The charge is absurd. If only such a vibrant opposition could exist under Putin’s regime—with newspapers, two television channels, and the privilege of blocking major arteries and access to official buildings by setting up political protests. In Georgia, I saw a protest take place for two months, while the police refrained from opening up traffic in order not to offend the demonstrators. How many minutes would it take to arrest someone so bold as to set up a protest in front of the Elysée Palace? And who would imagine for an instant that such a thing could be attempted in Red Square?

Independent Georgia must survive through this summer. Last year, the Russian army positioned itself just 20 miles from Georgia’s capital, Tbilisi—one hour on the highway by tank. Clouds are gathering: large military maneuvers, inflammatory media rhetoric, and a Russian veto in the UN Security Council that interrupted the work of neutral observers. The UN and the OSCE have packed their bags, leaving 200 observers, restricted to the Russian side. Pavel Felgenhauer, a military specialist based in Moscow, fears that the Russian military command will take advantage of the absence of observers in Georgia to concoct some pretext to invade and fulfill their fondest wish—to “hang Saakashvili by the balls,” as Putin threatened in 2008. (After all, didn’t Germany invade Poland in 1939 by trotting out two unfortunate Polish border guards, whom the Germans accused of “invading” the Third Reich?) Andrei Illarionov, Putin’s special advisor until 2006, shares similar apprehensions. It’s hard to know what to expect. Sergei Kovalev, an activist and a friend of the late Andrei Sakharov, dissuades me from trying to read the signs of the times. The Russian rulers are not strategists, he says; they settle their accounts day by day, attend to their own interests, and plan their gangsters’ business month by month and year by year. But the current heads of the Kremlin will never forgive the young Georgian leader his crime of pro-Western sympathies.

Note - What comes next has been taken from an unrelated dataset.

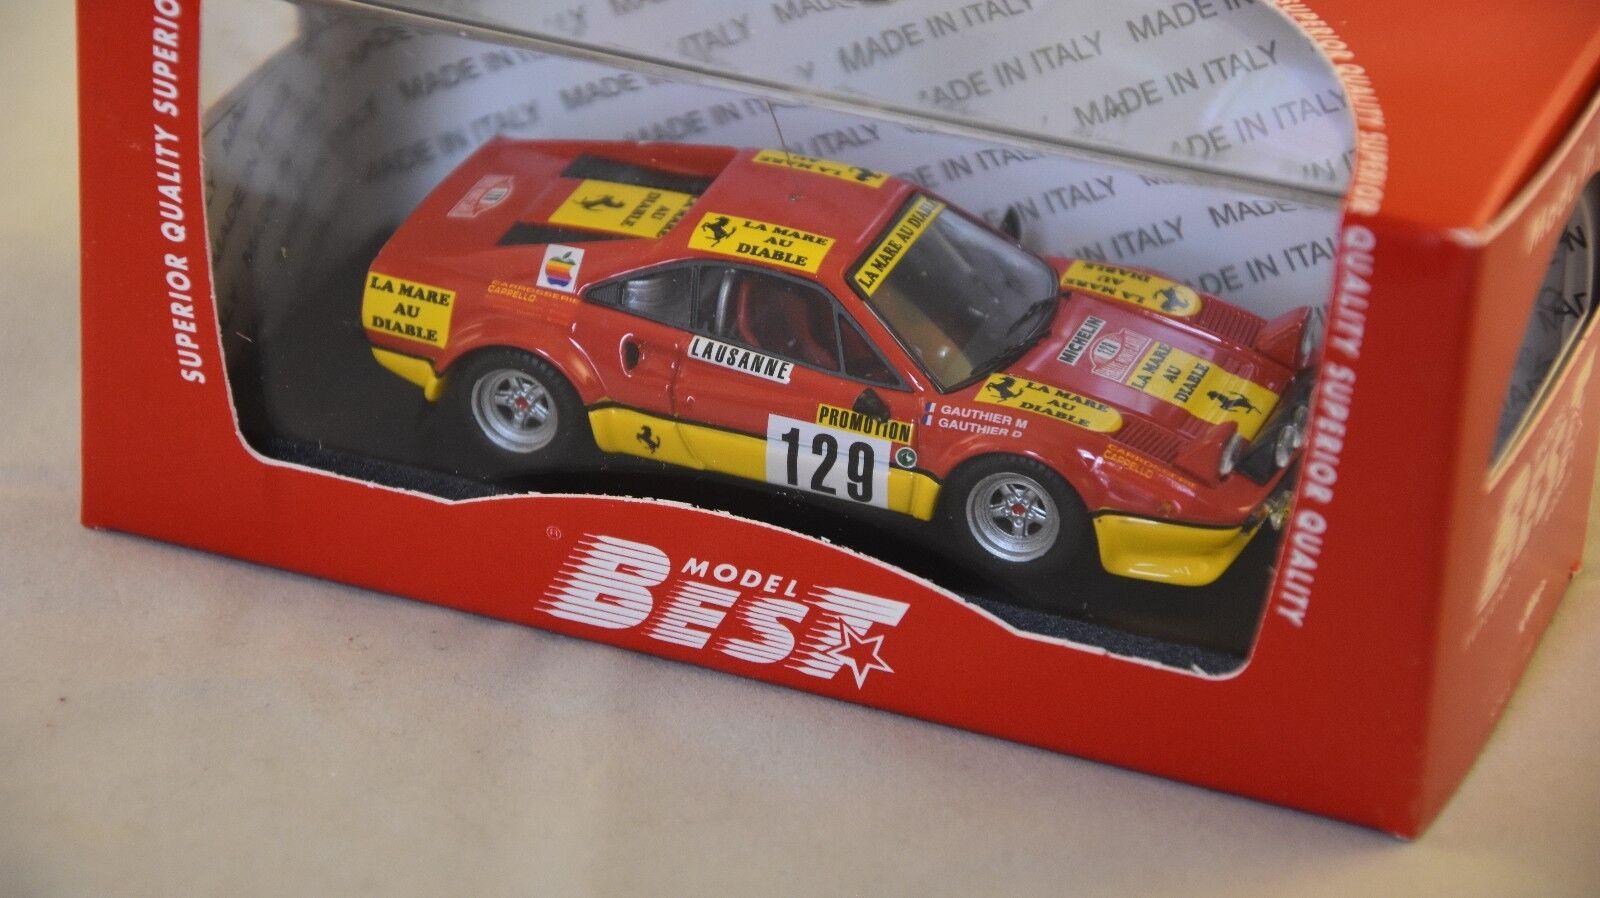 BEST modello BES9620 - Ferrari 308 GTB Gr.4 rtuttiye Monte autolo - 1983    1 43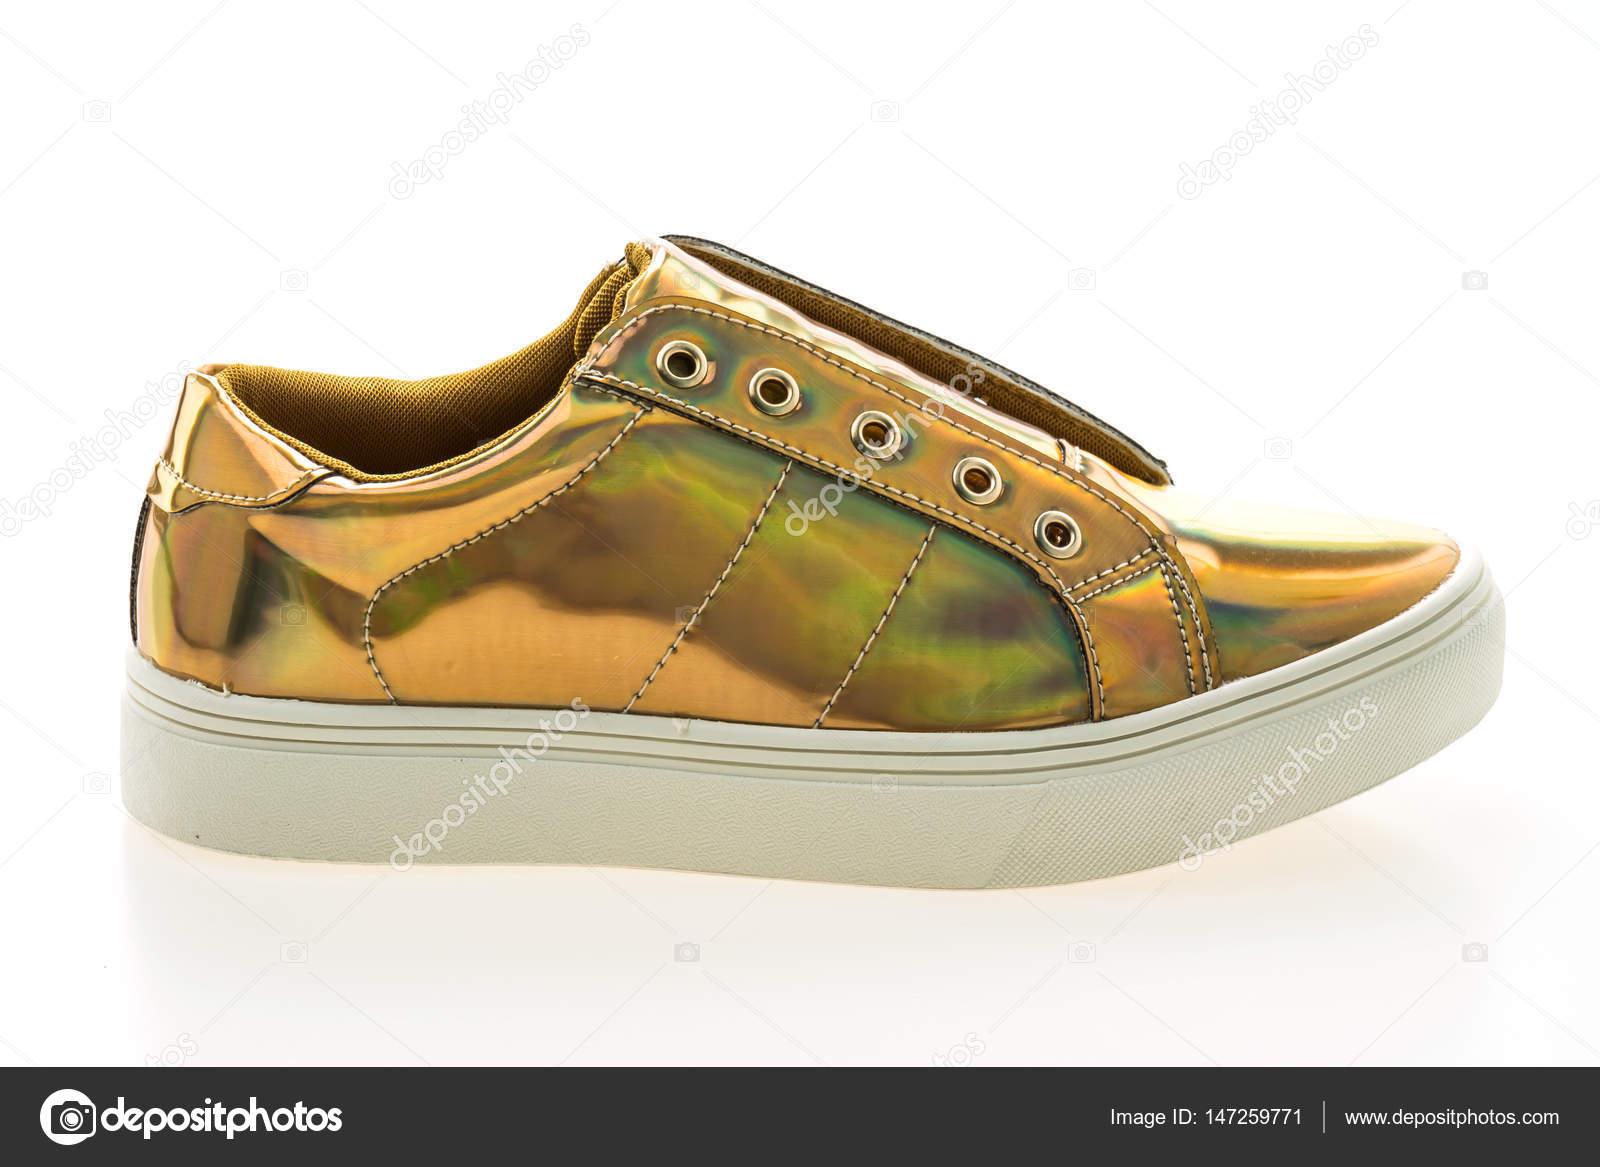 58bf9020092 Παπούτσια μόδας και ύπουλος — Φωτογραφία Αρχείου © mrsiraphol #147259771

Can President Obama and the European Union contain Moscow’s ambitions and whims? Or will they purchase a fallacious and precarious tranquility by sacrificing Georgia’s independence? At stake is the very sovereignty of Europe: its energy independence. Energy has become decisive because for Putin, gas is now a weapon as powerful as a deterrent arsenal. Consider a popular song performed by a military choir in Moscow. Its chorus depicts the “radiant future” that Gazprom is preparing: “Europe has a problem with us? We will cut off its gas; a big smile will rise in our eyes and happiness will leave us no more.” Similar sentiments are expressed toward the Ukraine and its desire to join NATO, as well as toward American forces all over the world. The Russian public loves the song.

If Tbilisi falls, there will be no way to get around Gazprom and guarantee autonomous access to the gas and petroleum wealth of Azerbaijan, Turkmenistan, and Kazakhstan. As for the global credibility of President Obama, it will amount to no more than the empty-sleeved gestures of someone whose arms have been amputated.